Ронан покивал, стараясь уразуметь смысл сказанного, и сунул упаковку в карман пиджака.

Шагая вдоль набережной, Керри украдкой всматривалась в непривычно жесткий профиль Ронана. Между ними пролетел золотистый лист и упал Ронану на плечо. Керри заботливо смахнула его. Ронан и глазом не повел. Это-то и заставило девушку насторожиться. Она провела ладонью у его виска. И опять никакой реакции.

— Ты не видел? — спросила она.

— Что? — посмотрел на нее Ронан.

— То, что я только что сделала.

— А что ты натворила?

— Ронан, у тебя нет периферического зрения? — отбросив шутливость, нахмурилась она, заставив спутника остановиться.

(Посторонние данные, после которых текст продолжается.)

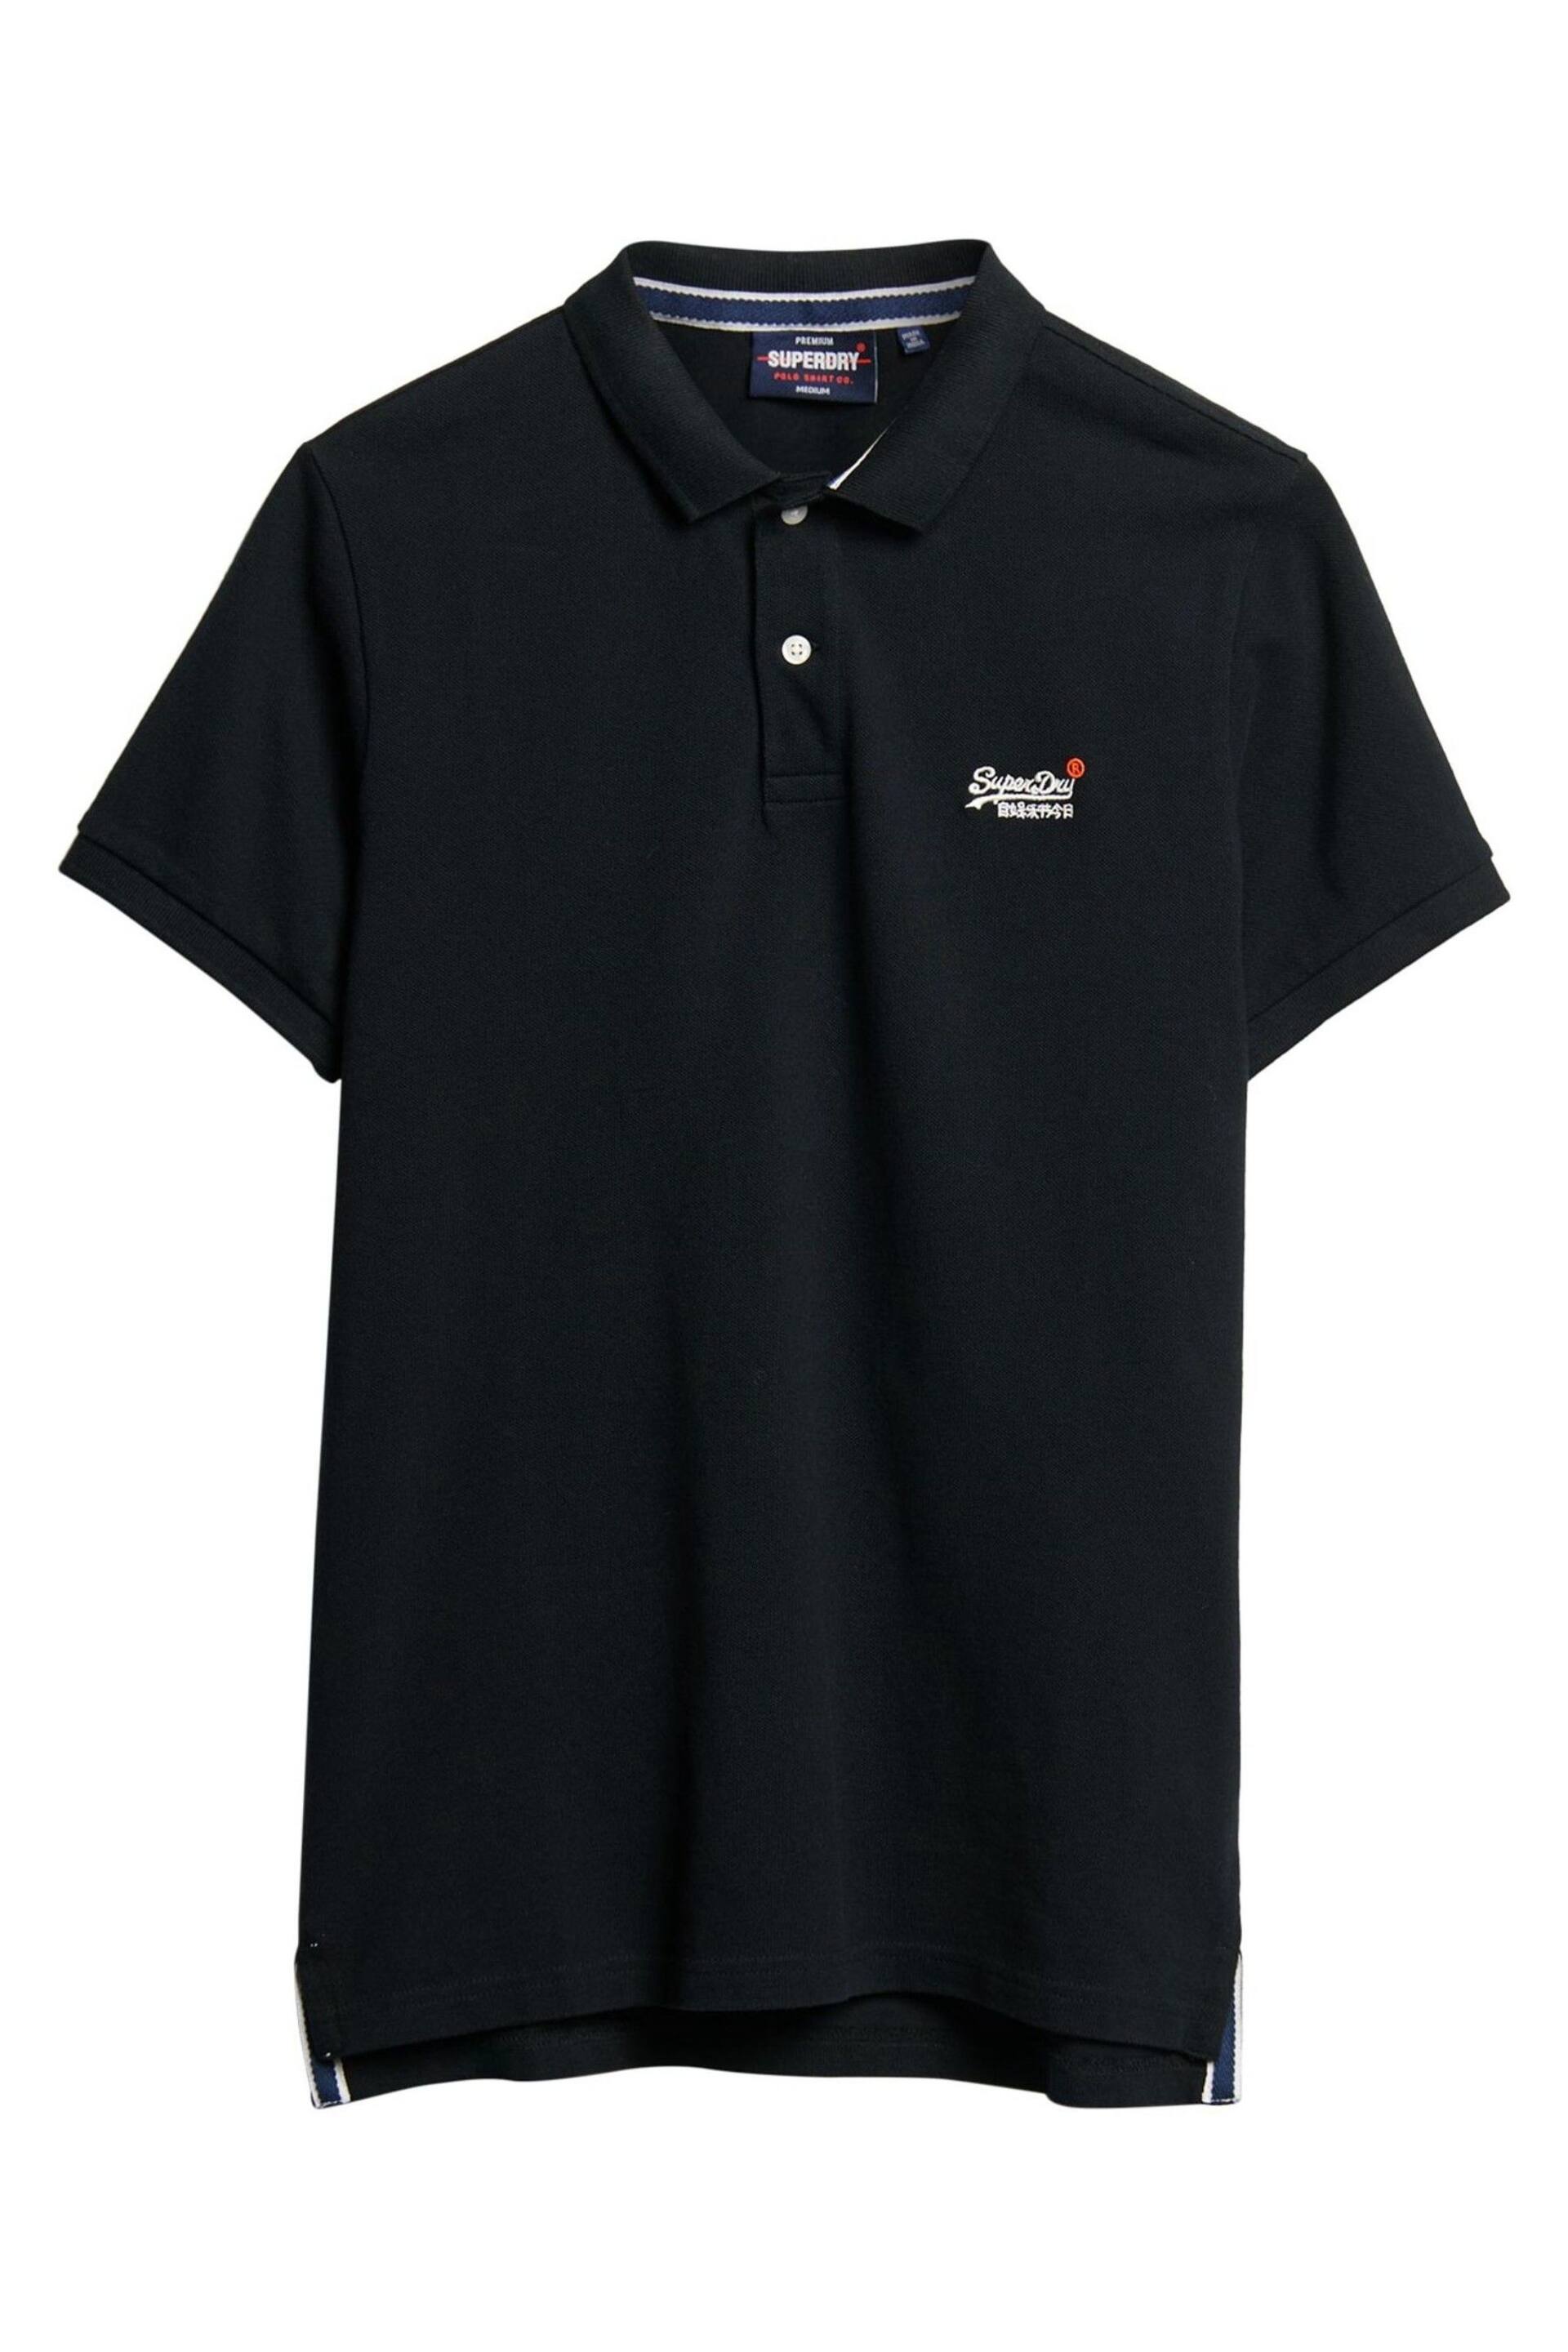 Superdry Black Classic Pique Polo Shirt - Image 6 of 9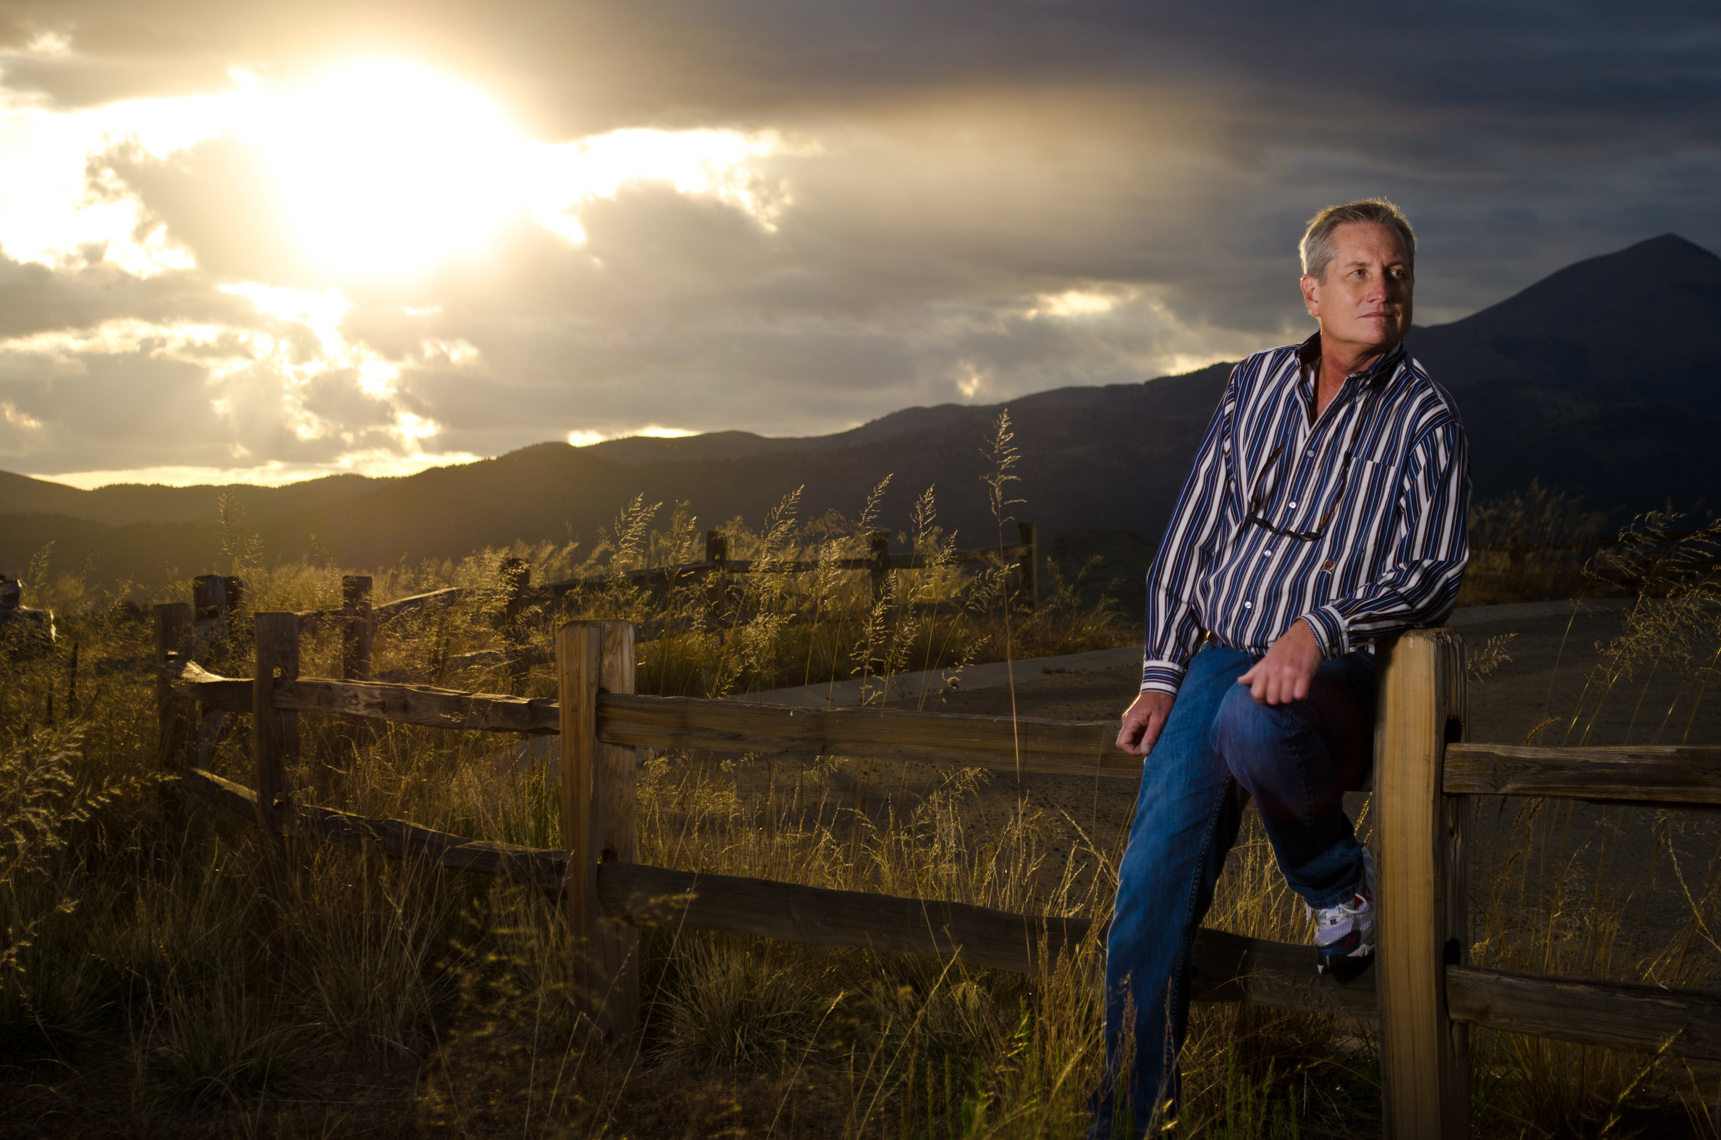 Portrait of cancer survivor in a field in New Mexico at sunset

— Что за дикое предположение? — усмехнулся он.

— Да или нет? — требовательно проговорила Керри.

— Прекрати, — тихо попросил ее Ронан.

— Может, куриная слепота... Дубай в тот вечер, да и раньше... Неоднократно. Эти доверительные пристальные взгляды, от которых мурашки по коже каждый раз... Ты плохо видишь в сумерках?

— И при свете дня тоже. Суженное поле зрения, — признался Ронан.

— Почему ты раньше не сказал?

— А что бы это изменило? Ты бы просто не стала мне доверять — как гиду, разумеется.

— Это для тебя так важно?

— Все становится важным, когда с каждым днем тебе остается все меньше и меньше от этого мира.

— Что ты хочешь этим сказать? — испугалась Керри.

— То, что болезнь прогрессирует! — резко бросил он.

— Понимаю, — пробормотала она сквозь вздох.

— Оставь, Керри. Просто не думай об этом! — раздраженно проговорил Ронан. — Давай присядем... Только не начинай плакать! — нервозно предупредил он.

Они сели на скамью.

Керри не издала ни звука, хотя слезы настойчиво подкатывали к горлу.

— Я и не собирался говорить тебе. Это не твоя проблема. Мне важно было провести с тобой это время так, как если бы все было в порядке. Понимаешь? И ведь так и произошло. Моя проблема не омрачила тебе этого путешествия, и мне выдался последний шанс побывать в любимых мною местах. Так что все прошло, как и было задумано. Расстраиваться не из-за чего.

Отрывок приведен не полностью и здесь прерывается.